Item Name:	CAMIO Transcription Languages
Author(s):	Michael Arrigo, Stephanie Strassel, Christopher Caruso
LDC Catalog No.:	LDC2022T07
ISLRN:	014-810-264-834-8
DOI:	https://doi.org/10.35111/r7ds-gy89
Release Date:	December 15, 2022
Member Year(s):	2022
DCMI Type(s):	StillImage, Text
Data Source(s):	web collection
Project(s):	CAMIO
Application(s):	keyword spotting, language identification, OCR decoding, script identificaton, text localizaton
Language(s):	English, Arabic, Persian, Hindi, Japanese, Kannada, Korean, Russian, Tamil, Thai, Urdu, Vietnamese, Mandarin Chinese
Language ID(s):	eng, ara, fas, hin, jpn, kan, kor, rus, tam, tha, urd, vie, cmn
License(s):	LDC User Agreement for Non-Members
Online Documentation:	LDC2022T07 Documents
Licensing Instructions:	Subscription & Standard Members, and Non-Members
Citation:	Arrigo, Michael, Stephanie Strassel, and Christopher Caruso. CAMIO Transcription Languages LDC2022T07. Web Download. Philadelphia: Linguistic Data Consortium, 2022.

Introduction

CAMIO Transcription Languages was developed by the Linguistic Data Consortium and contains nearly 70,000 images of machine printed text with corresponding annotations and transcripts in the following 13 languages: Arabic, Chinese, English, Farsi, Hindi, Japanese, Kannada, Korean, Russian, Tamil, Thai, Urdu, and Vietnamese.

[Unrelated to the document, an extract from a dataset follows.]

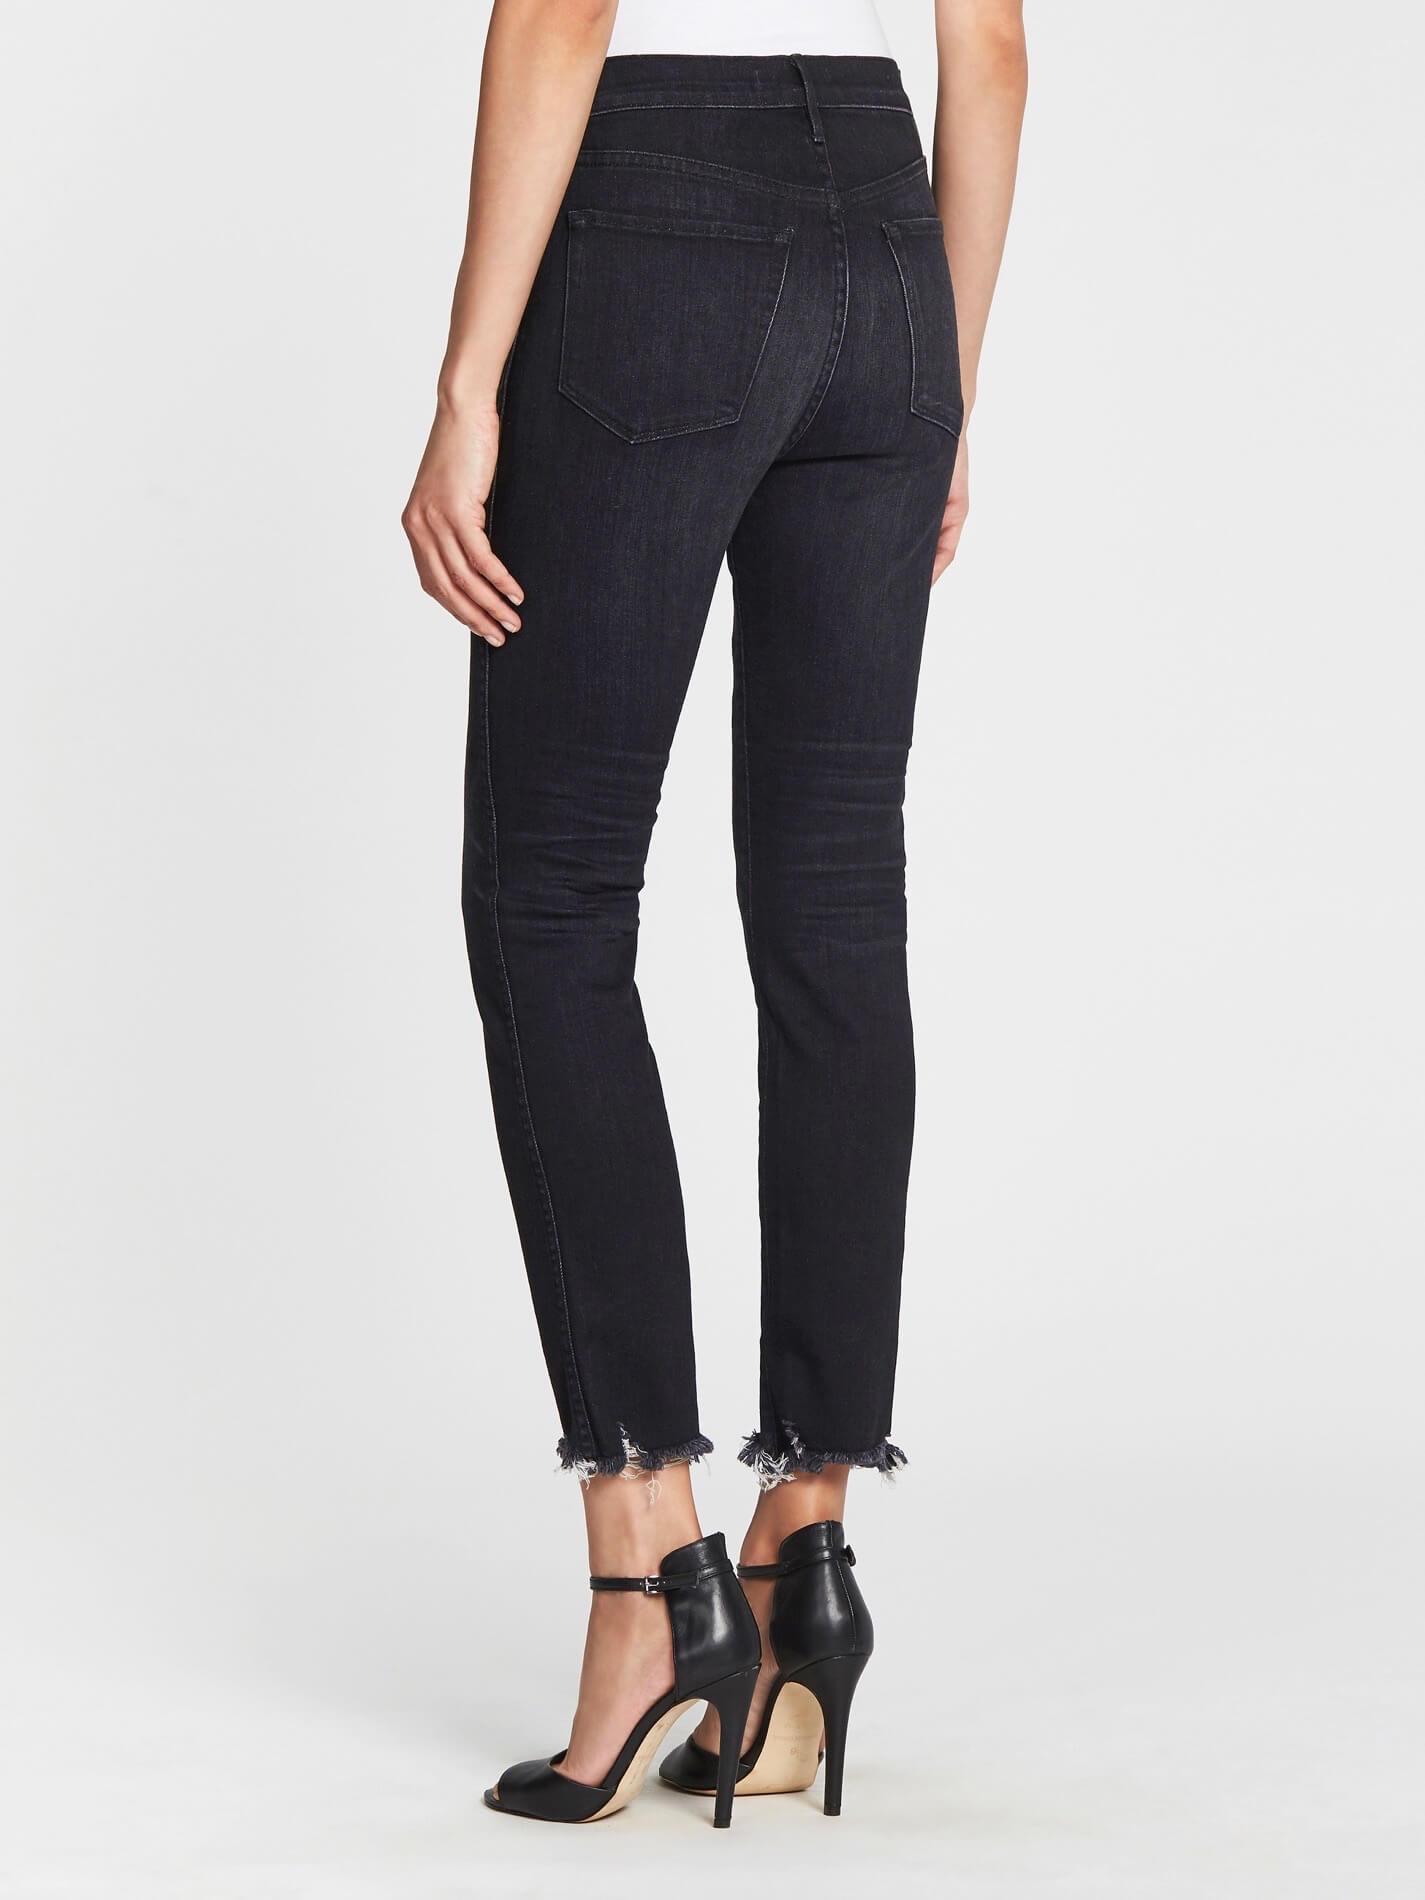 3x1 W3 Straight Authentic Crop Jean - Grey | Garmentory

This corpus is a subset of data created for a broader effort to support the development and evaluation of optical character recognition (OCR) and related technologies for 35 languages across 24 unique script types. The CAMIO (Corpus of Annotated Multilingual Images for OCR) collection was designed to address gaps in language and script coverage from existing corpora and to support future evaluation of OCR capabilities through a systematically constructed data set.

Data

Most images were annotated for text localization, resulting in over 2.3M line-level bounding boxes. For the 13 languages represented in this release, 1250 images per language were also annotated with orthographic transcriptions of each line plus specification of reading order, yielding over 2.4M tokens of transcribed text. The resulting annotations are represented in a comprehensive XML output format defined for this corpus.

The script for each language is indicated in parentheses: Arabic (Arabic), Chinese (Simplified), English (Latin), Farsi (Arabic), Hindi (Devanagari), Japanese (Japanese), Kannada (Kannada), Korean (Hangul), Russian (Cyrillic), Tamil (Tamil), Thai (Thai), Urdu (Arabic), and Vietnamese (Latin).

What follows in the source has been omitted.